Gemidos agudos tomavam o Mirante da Lapa, praça na zona oeste de São Paulo. Eram 21h30 de sábado (2). Aposentadas caminhavam no local. "Começou, meu Deus!", gritou Dolores Arruda, 67. Na sequência, o grupo acelerou em direção à saída.

O epicentro dos sons estava próximo. Abrigados por um jacarandá, quatro homens e duas mulheres praticavam atos sexuais, enquanto outras pessoas observavam a cena.

Aquele endereço faz parte da rota paulistana do "dogging", termo em inglês para definir o hábito de sexo ao ar livre. Parques, ruas e avenidas completam o itinerário.
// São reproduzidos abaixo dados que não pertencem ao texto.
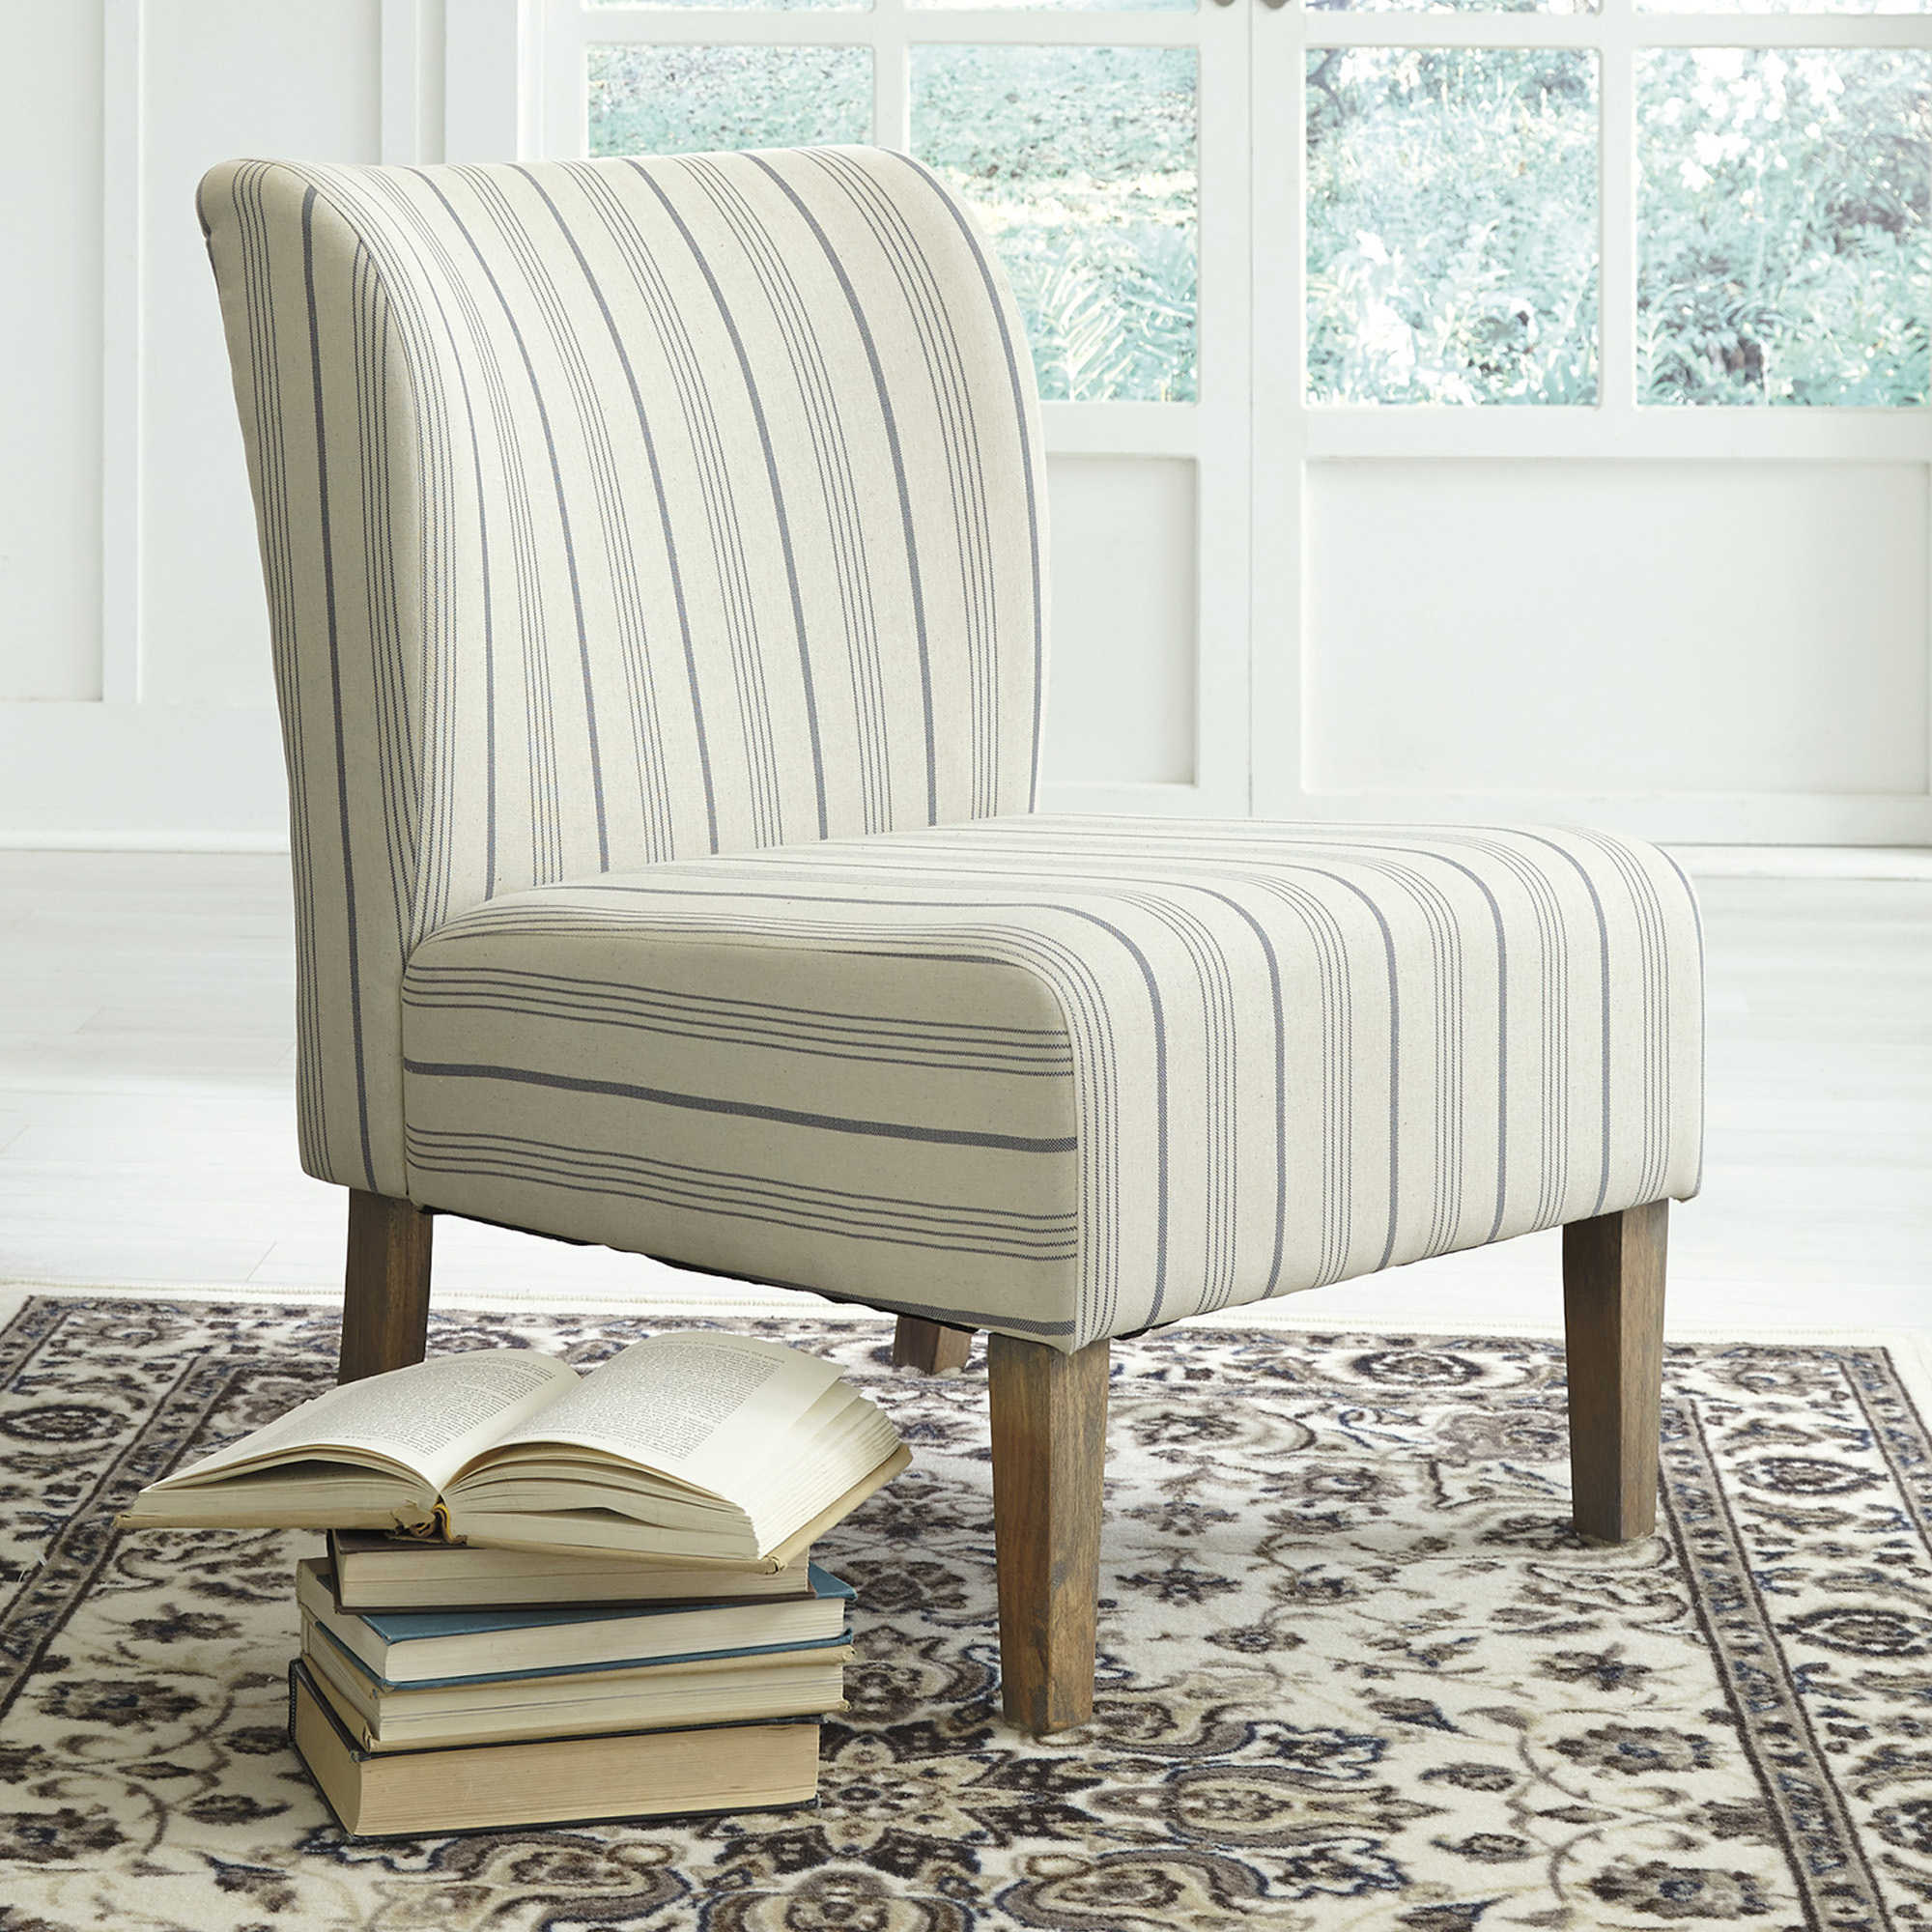 JasperHomeliving Striped Caldwell Accent Chair Temple Webster

A maioria dos frequentadores é gay. A parcela heterossexual, porém, é barulhenta e adepta dos holofotes propiciados pelas lâmpadas.
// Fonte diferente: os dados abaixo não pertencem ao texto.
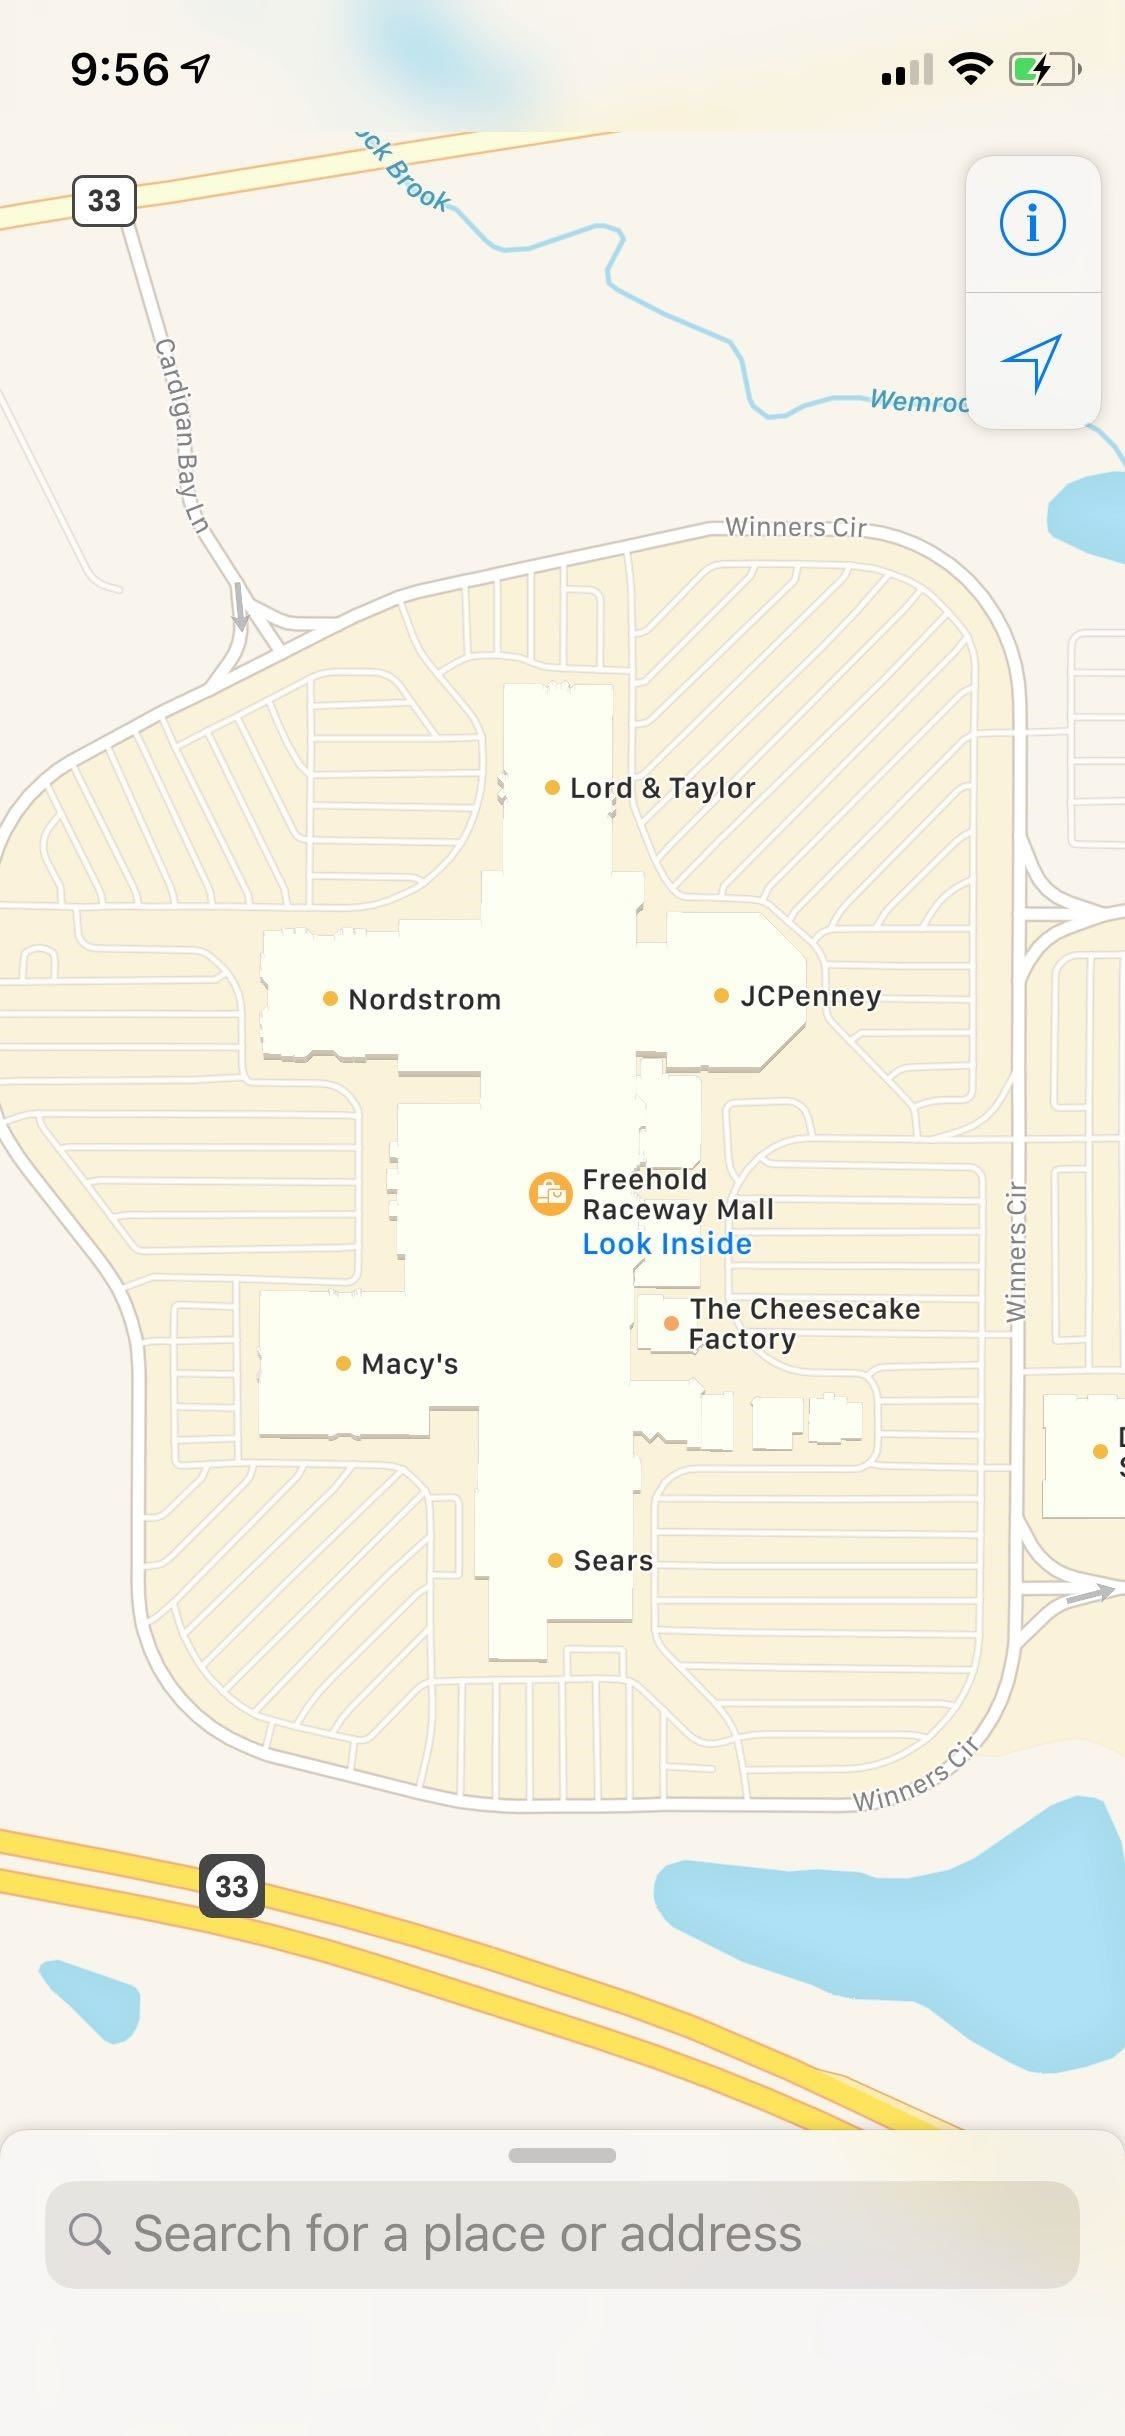 How to View Indoor Maps for Malls & Airports in Apple Maps

Pista para caminhada no Mirante da Lapa, localizado na zona oeste de São Paulo - Ronny Santos/Folhapress

Odacy Oliveira, 49, treina no mirante todas as noites. O espaço beira sua casa. Enquanto se exercita, subindo em cordas que instalou nas árvores, tem uma vista privilegiada da movimentação. "É lindo. Aqui as pessoas soltam suas feras. São livres", diz.
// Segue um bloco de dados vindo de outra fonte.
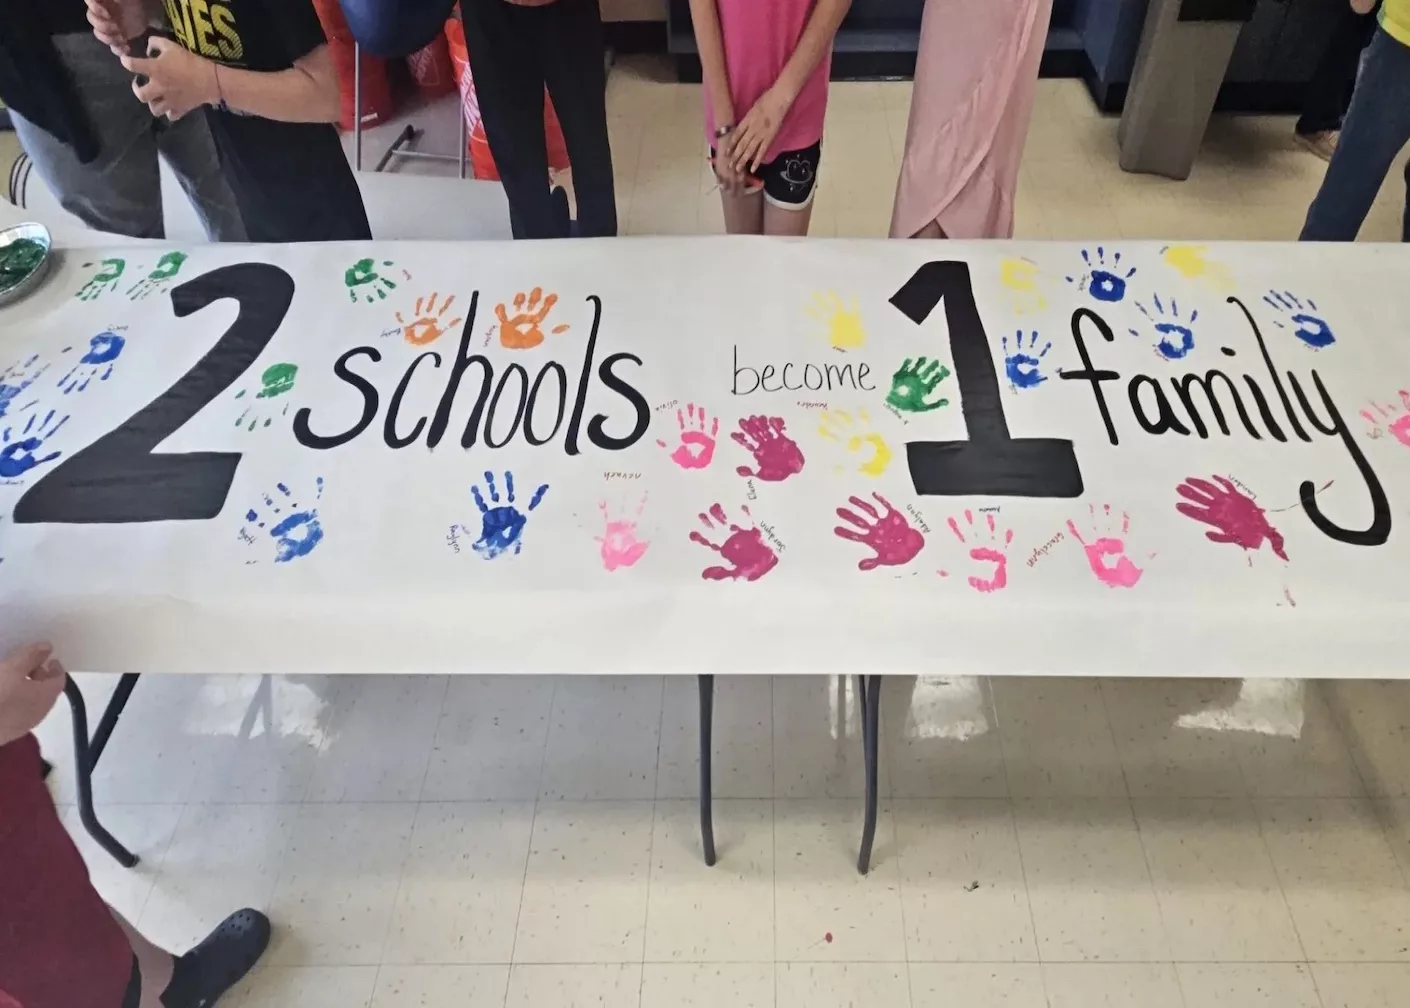 A paper sign with painted handprints with text that reads "2 schools 1 family"

Há, porém, um inconveniente para o atleta, as embalagens de preservativos que forram o piso e acabam grudando nos calçados.

Um rapaz de 27 anos comenta que pelo menos as pessoas se protegem. Ele não quis explicar o motivo de estar na praça. Um amigo, carioca a passeio na capital paulista, o acompanhava. A dupla logo desapareceu nas sombras. Horas depois, surgiram suados e sem camisa.

Guerra à pegação

Quem mora no entorno do Mirante da Lapa, que fica na rua Cerro Corá, reclama há muitos anos do uso da praça para sexo. Todo mês denúncias são encaminhadas à Prefeitura de São Paulo.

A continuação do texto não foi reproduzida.